Cutler Park vigil calls for immigration changes
Church group part of national effort to address
issue on Obama’s first working day
By Katherine Michalets
Freeman Staff
WAUKESHA
– The candles held by people gathered Wednesday evening for a prayer
vigil for comprehensive immigration reform in Cutler Park
helped to illuminate their signs as they sang hymns, read prayers and spoke
about immigration issues.
The prayer vigil was sponsored by SOPHIA,
a coalition of Waukesha
County church
congregations and organizations, but it was also part of a national effort to
raise awareness about immigration reform the day after President Barack Obama
took office. Waukesha’s
prayer vigil was attended by about three dozen people, some holding signs that
read “Immigrants are people!” “Keep families united”
and “We are a nation of immigrants.”
Dave Groenewold,
whose wife Betty is SOPHIA’s president, said the organization would like
to see the law changed so people don’t need to have a Social Security
number in order to get a driver’s license. He said if illegal immigrants
would be able to obtain their driver’s license, they could get car
insurance and would make the roads safer.
For Ralph Schultz,
a retired minister and a member of SOPHIA, having immigrants treated like human
beings is the most important thing.
Groenewold said that SOPHIA feels the economy and the war in Iraq
might become Obama’s biggest priorities now that he is in office, and
they wanted to encourage him to still create dialogue about immigration reform.

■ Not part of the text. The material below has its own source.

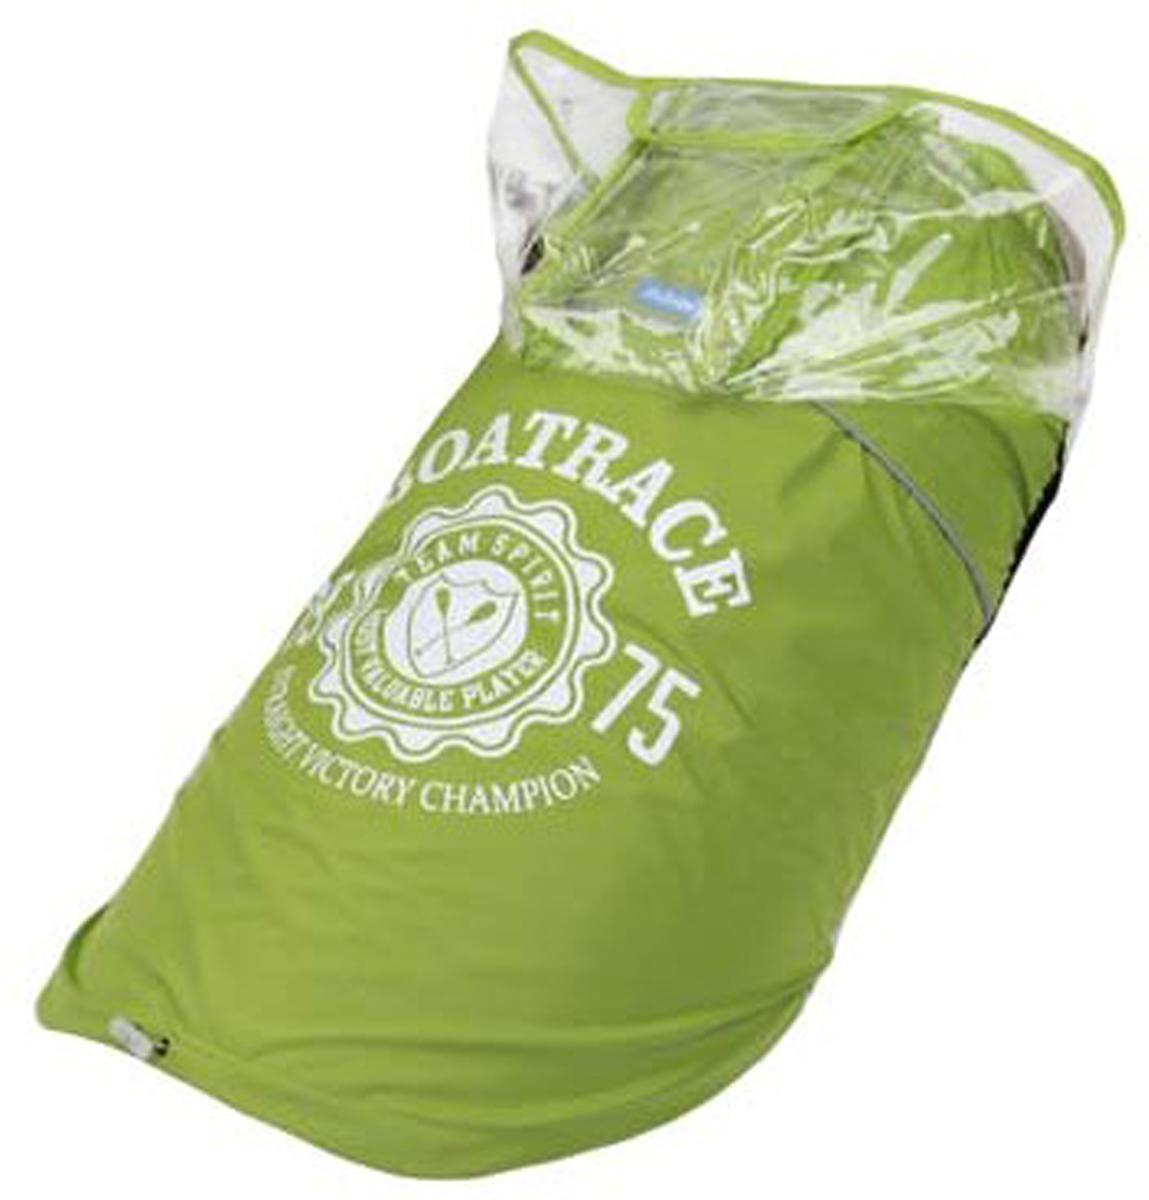 Куртка для собак Dobaz, водонепроницаемая, цвет: прозрачно-зеленый. ДА13033С5ХЛ. Размер 5XLДА13033С5ХЛКуртка для собак Dobaz отлично подходит для использования в сырую погоду. Материал обладает водоотталкивающей способностью, поэтому превосходно защитит вашего четвероногого друга в любую погоду.Обхват шеи: 51 см.Обхват груди: 79 см.Длина спинки: 56 см.Одежда для собак: нужна ли она и как её выбрать. Статья OZON Гид

Groenewold and Schultz also spoke of creating a pathway to citizenship for
illegal immigrants and the effects on families being separated as members come
to the United States from Mexico
to look for jobs.
“He mentioned caring about
each other and helping each other, which could relate to immigration,”
Schultz said, referring to Obama’s inauguration
speech.
Groenewold said trade agreements the United States has with other countries
allow for the free flow of goods, so why can’t that apply to people, too.
“Why can’t we have the same thing? If there
aren’t jobs, they aren’t going to come,” he said.
John Vinson, the president of American Immigration Control in
Monterey, Va.,
has a different perspective. He said American Immigration Control wants the U.S.
government to enforce existing laws and for people who immigrate here to obey
them.
“The level of immigration should be cut back,”
Vinson said.
He said his organization is not
anti-immigration, but it promotes immigration moderation. Vinson said Obama
marched with illegal immigrants while he campaigned.
“His (form) of immigrant reform is to legalize all the
people who live here illegally,” Vinson said of Obama.
Illegal immigrants are also vying for the same jobs as legal
American residents, Vinson said.
“They’re competing with Americans who want jobs
just to be able to put food on the table,” he said.

Bryon S. Houlgrave/Freeman Staff
Javier O. Cervera of Milwaukee, a loan
coordinator for La Casa de Esperanza’s Ways to Work program, holds a sign
Wednesday as traffic passes Cutler Park in Waukesha.